Grande è la confusione sotto il cielo. E, al contrario di quel che diceva Mao, la situazione non è eccellente ma fetida. Le categorie classiche della politica sono deformate in un continuo gioco di specchi. Destra, sinistra, centro: difficile orientarsi in un tale ginepraio. Vale tutto e il contrario di tutto, nella continua rincorsa di un effimero consenso elettorale con il quale riempirsi la bocca. Roboanti promesse e sconcertanti minacce. Un caleidoscopio di arroganza e di stupidità. Il reddito di cittadinanza, la flat tax, l’immigrazione, le pensioni, la sicurezza, le grandi opere. Chi più ne ha, più ne metta. Sempre in nome di quello che viene invocato come il sacro popolo sovrano e che invece sempre più ha le caratteristiche del popolo bue costretto a ruminare le idee più strampalate.
Dilettanti allo sbaraglio, si direbbe guardando i perenni talk show che peraltro non chiariscono nulla e anzi alimentano il caos. Vanno in scena politici ridicoli e opinionisti per tutte le stagioni, sempre in un clima da stadio. Ma quel che colpisce è che le tifoserie si mischiano, come se non avessero una reale identità. Applaudono a vanvera, questo o quello pari sono, anche se sostengono opinioni alternative. Uno straniamento partecipativo, una forma di schizofrenia ideologica che nasconde una pericolosa incapacità di riflessione. Fanno pensare a masse di manovra a disposizione di chi grida di più. Sarebbe un bene per la stessa democrazia se al pubblico di questi spettacoli da circo, che altro non sono, fosse vietato di acclamare in continuazione. Nostalgia delle vecchie tribune politiche, quando le frasi di Fanfani, di Almirante o di Togliatti si sedimentavano nella testa dello spettatore, senza frizzi e lazzi.

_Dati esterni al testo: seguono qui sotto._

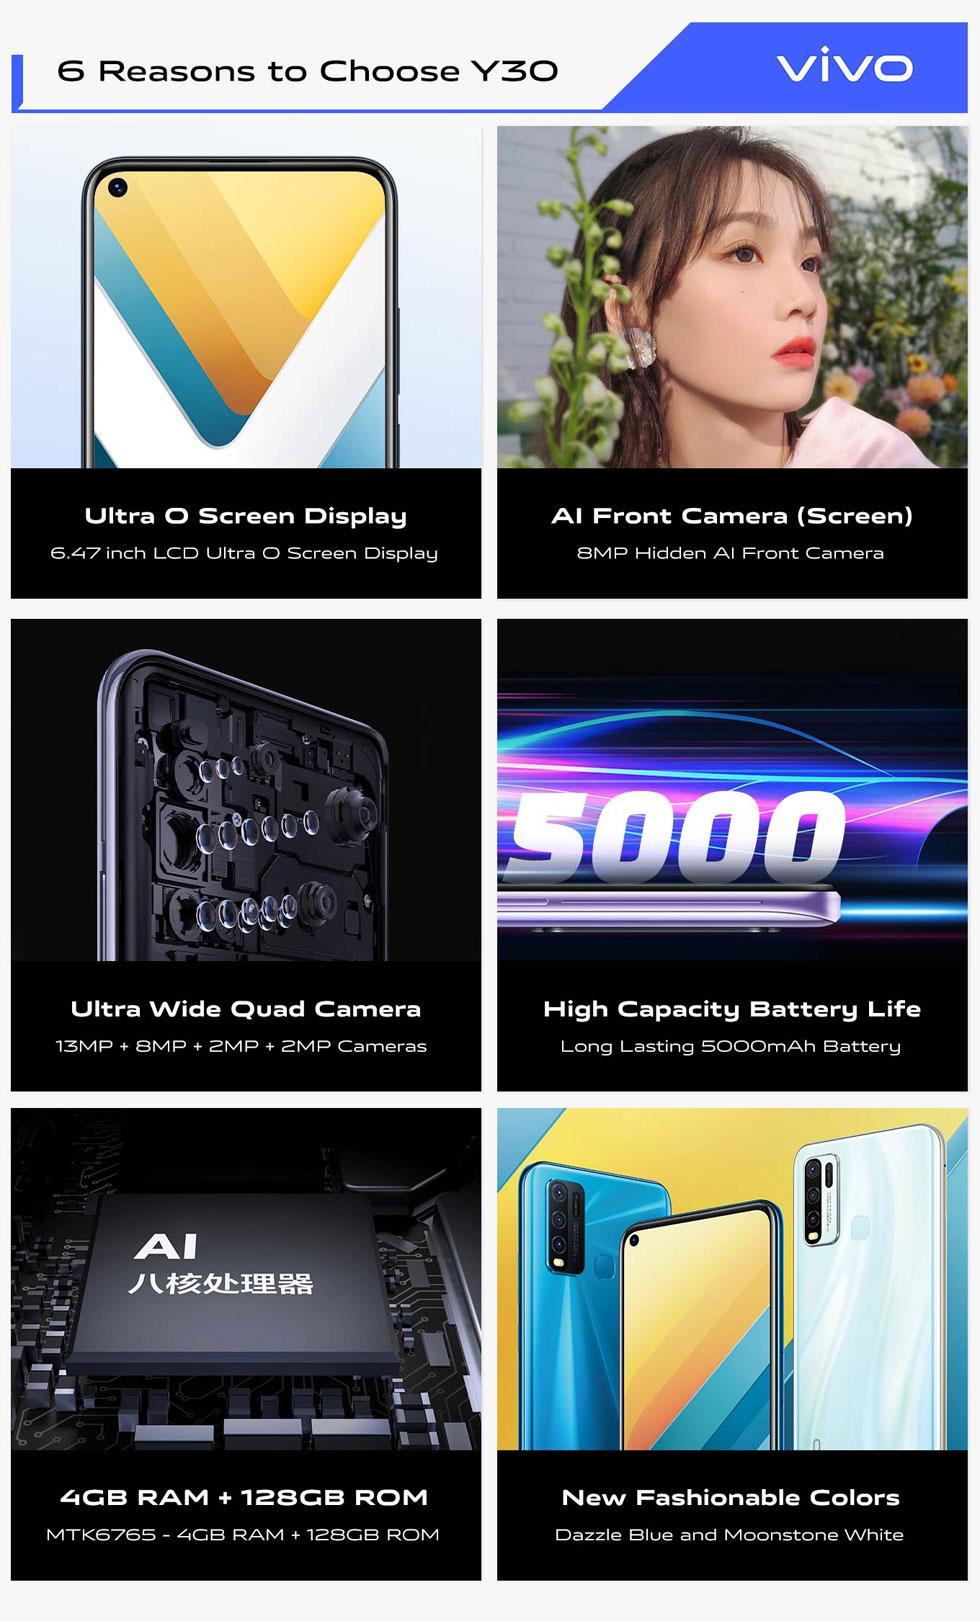 vivo Y30大马发布:6.47寸挖孔屏、Helio P35、后置超广角四摄、5000mAh电池,售RM899! Vivo-Y30-1-1-2.jpg?r

E’ il trionfo dell’irrazionalità. L’emozione prevale sul ragionamento. Ogni obiettivo sembra possibile. I vincoli di bilancio e gli impegni europei possono essere stracciati impunemente. Anzi, staremo meglio, promettono i nuovi Masaniello. Assurdità, chimere. Ircocervi. E’ stato Silvio Berlusconi a richiamare questa mitica figura, metà capro (hircus) e metà cervo, per definire l’innaturale tentativo di alleanza tra la Lega e i Cinque Stelle. Lo aveva fatto nel 1942, con ben altra finalità morale e filosofica, Benedetto Croce per confutare il liberalsocialismo di Guido Calogero e l’impossibilità, a suo dire, di coniugare eguaglianza e libertà come propugnava il Partito d’Azione.
Ora l’Ircocervo è sceso dall’empireo dei grandi progetti politici, delle coraggiose e nobili utopie, e ha assunto le sembianze di miseri imbroglioni. Applausi.